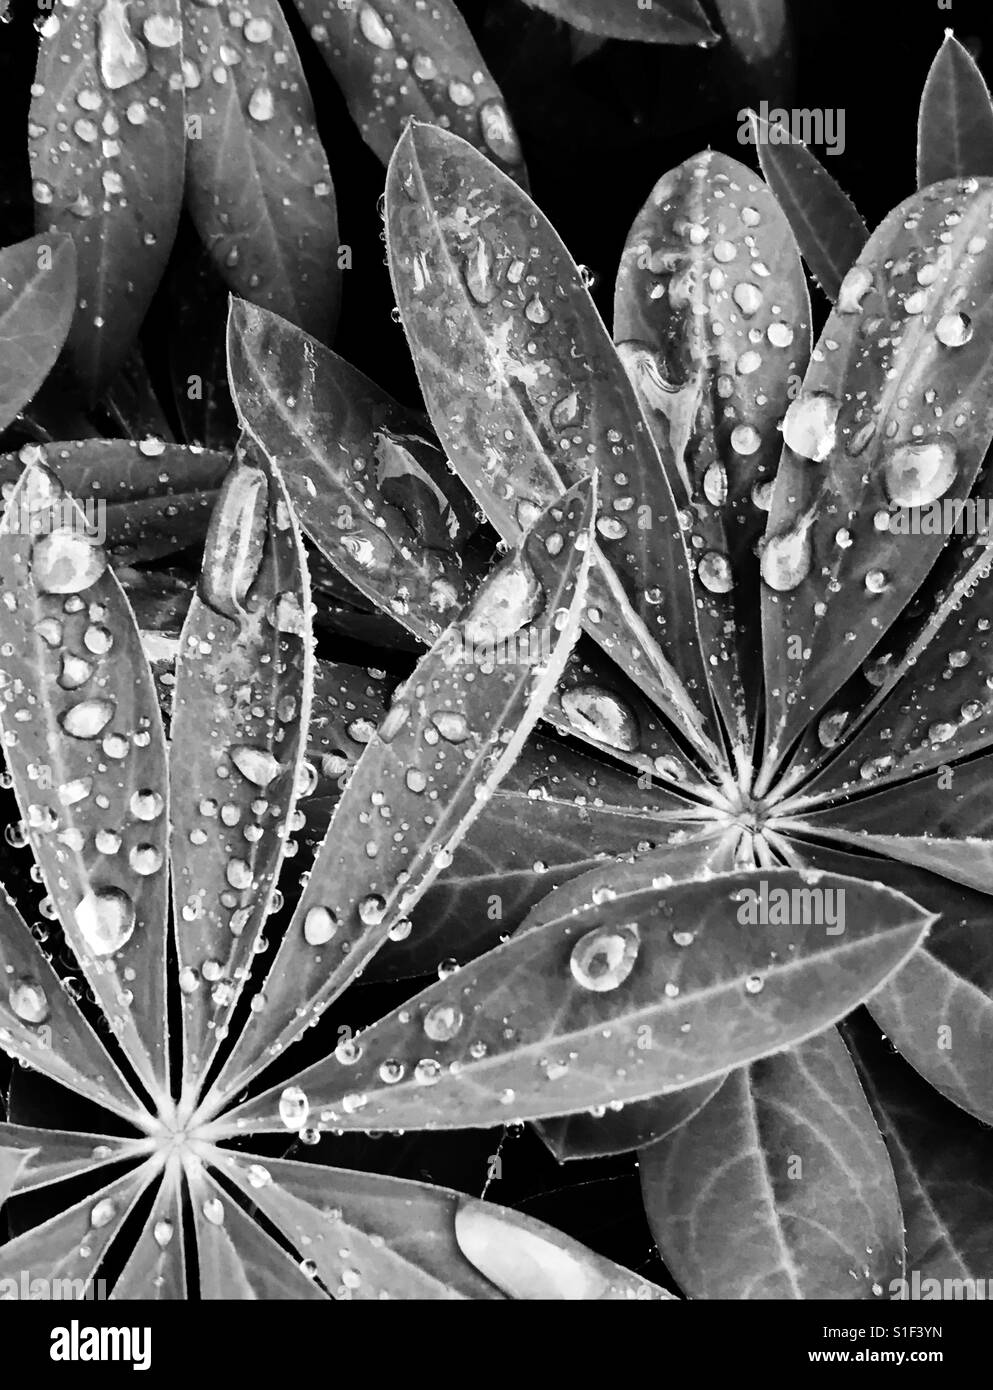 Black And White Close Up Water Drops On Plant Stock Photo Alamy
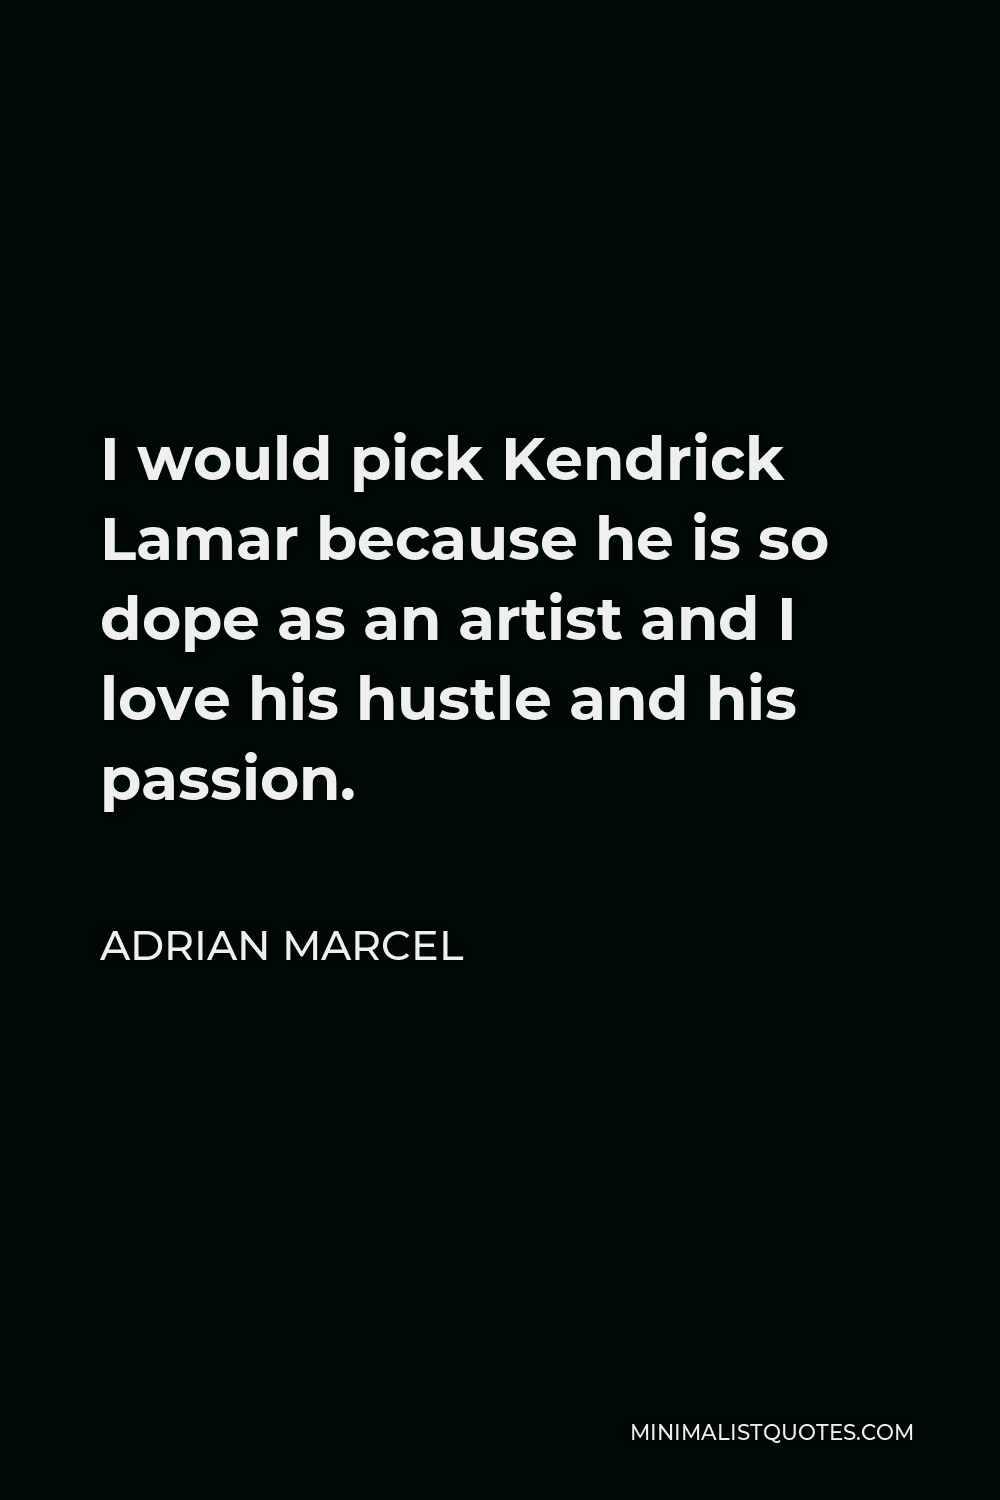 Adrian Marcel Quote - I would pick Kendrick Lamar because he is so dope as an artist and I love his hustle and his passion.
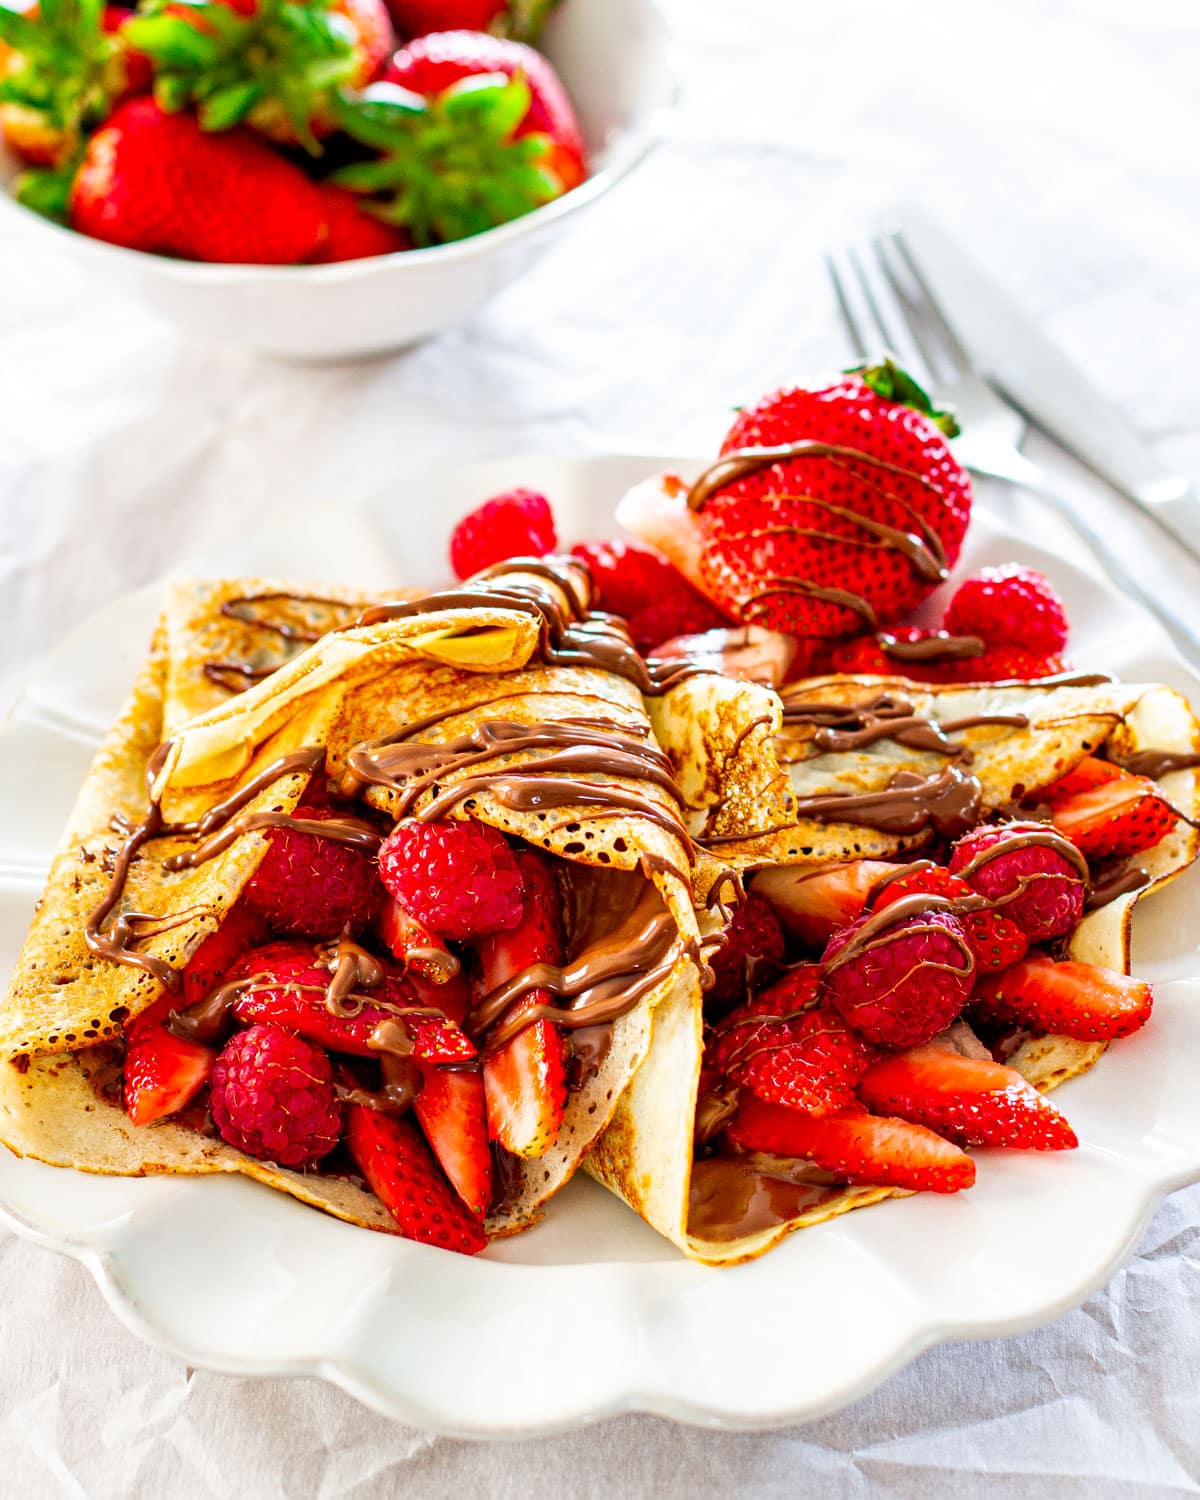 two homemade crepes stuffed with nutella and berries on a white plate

* * * * * * * * *

# [Exercise]
Transcribe the full listing exactly, but keep every image out of it.

# [Solution below]
 Black And White Close Up Water Drops On Plant Stock Photo Alamy
 Adrian Marcel Quote - I would pick Kendrick Lamar because he is so dope as an artist and I love his hustle and his passion.
 two homemade crepes stuffed with nutella and berries on a white plate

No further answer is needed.